- Born: Rado Robert Garcia Klose 30 June 1945 (age 81) Cambridge, England
- Genres: Rock; blues; R&B; jazz; psychedelic; electronic;
- Occupations: Photographer; Printmaker; Musician;
- Instrument: Guitar
- Years active: 1964–present
- Formerly of: The Tea Set; David Gilmour; Syd Barrett; Smith & Mudd;
- Website: radoklose.com

= Bob Klose =

British photographer

Rado Robert Garcia Klose (born 30 June 1945) is an English musician, photographer and printmaker. Between 1964 and July 1965, he was the lead guitarist of the rock band the Tea Set, an early incarnation of Pink Floyd. Although he recorded a few songs with that band, he left before their transformation into Pink Floyd. However, on the band's official Facebook page, he has been repeatedly mentioned when discussing the band and their tenure as the Tea Set.

== Name confusion ==
Klose's full birth name is most often cited as Rado Robert Klose or Rado Robert Garcia Klose, with some authors citing Radovan as his full given name. During the 1960s he was commonly known as Bob Klose, which was often misspelt Bob Close or occasionally even Brian Close. On the official Pink Floyd website, he is listed as Klose, Radovan 'Bob'.

== Biography ==
Klose was born on 30 June 1945 in Cambridge. His father was a refugee from Nazi Germany and a veteran of the Spanish Civil War, and his mother was an English Land Girl. The family were poor and lived in a field tent on a farm where Klose's father worked for a couple of years until moving to a small Cambridgeshire village.
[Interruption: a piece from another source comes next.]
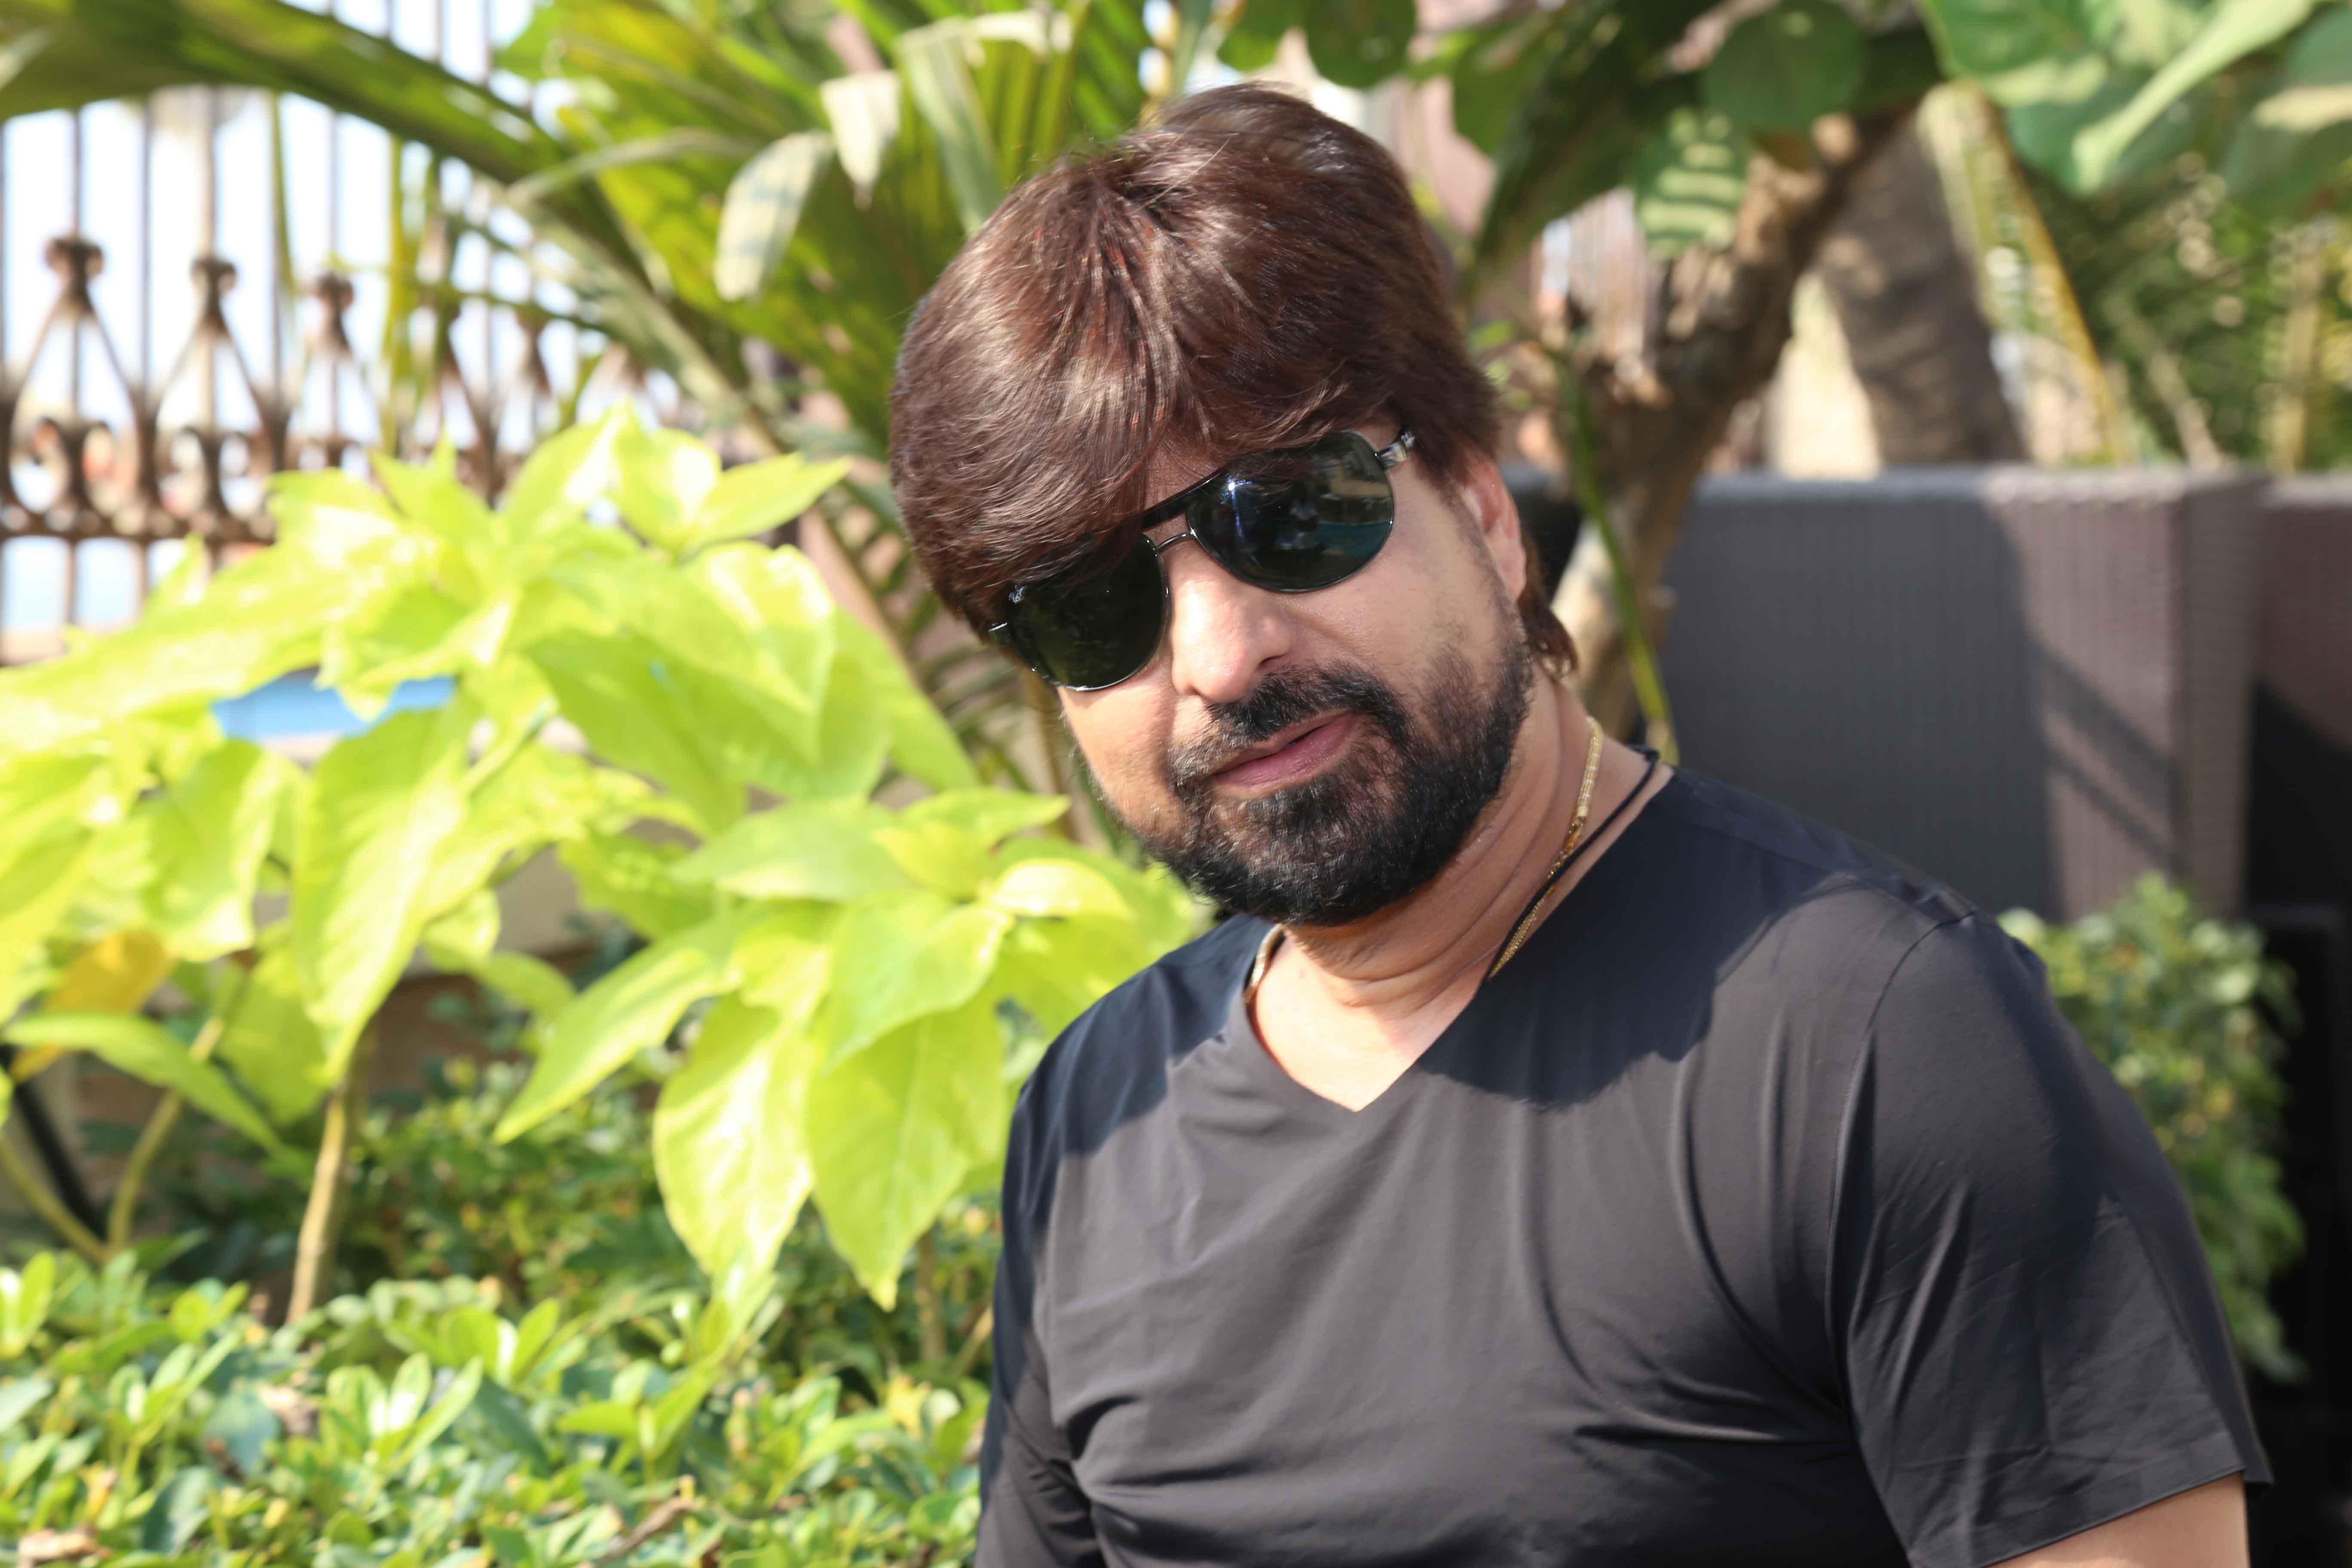 Vijay Valbhani

After several village schools, Klose attended school in Cambridge, where he met Syd Barrett and Roger Waters. He later moved to London to study architecture and then science at the Regent Street Polytechnic, before abandoning studies to completely devote himself to photography in the late 1960s.

=== Early musical career ===
During his architectural studies, Klose started playing lead guitar in a band with Roger Waters (guitar), Richard Wright (rhythm guitar), Nick Mason (drums), Clive Metcalfe (bass guitar), and Keith Noble and Juliette Gale (vocals). The band performed rhythm and blues under various names ("Sigma 6", "the Meggadeaths", "the Abdabs", and "the Screaming Abdabs"), during their run with manager Ken Chapman, who also wrote some early material for the band.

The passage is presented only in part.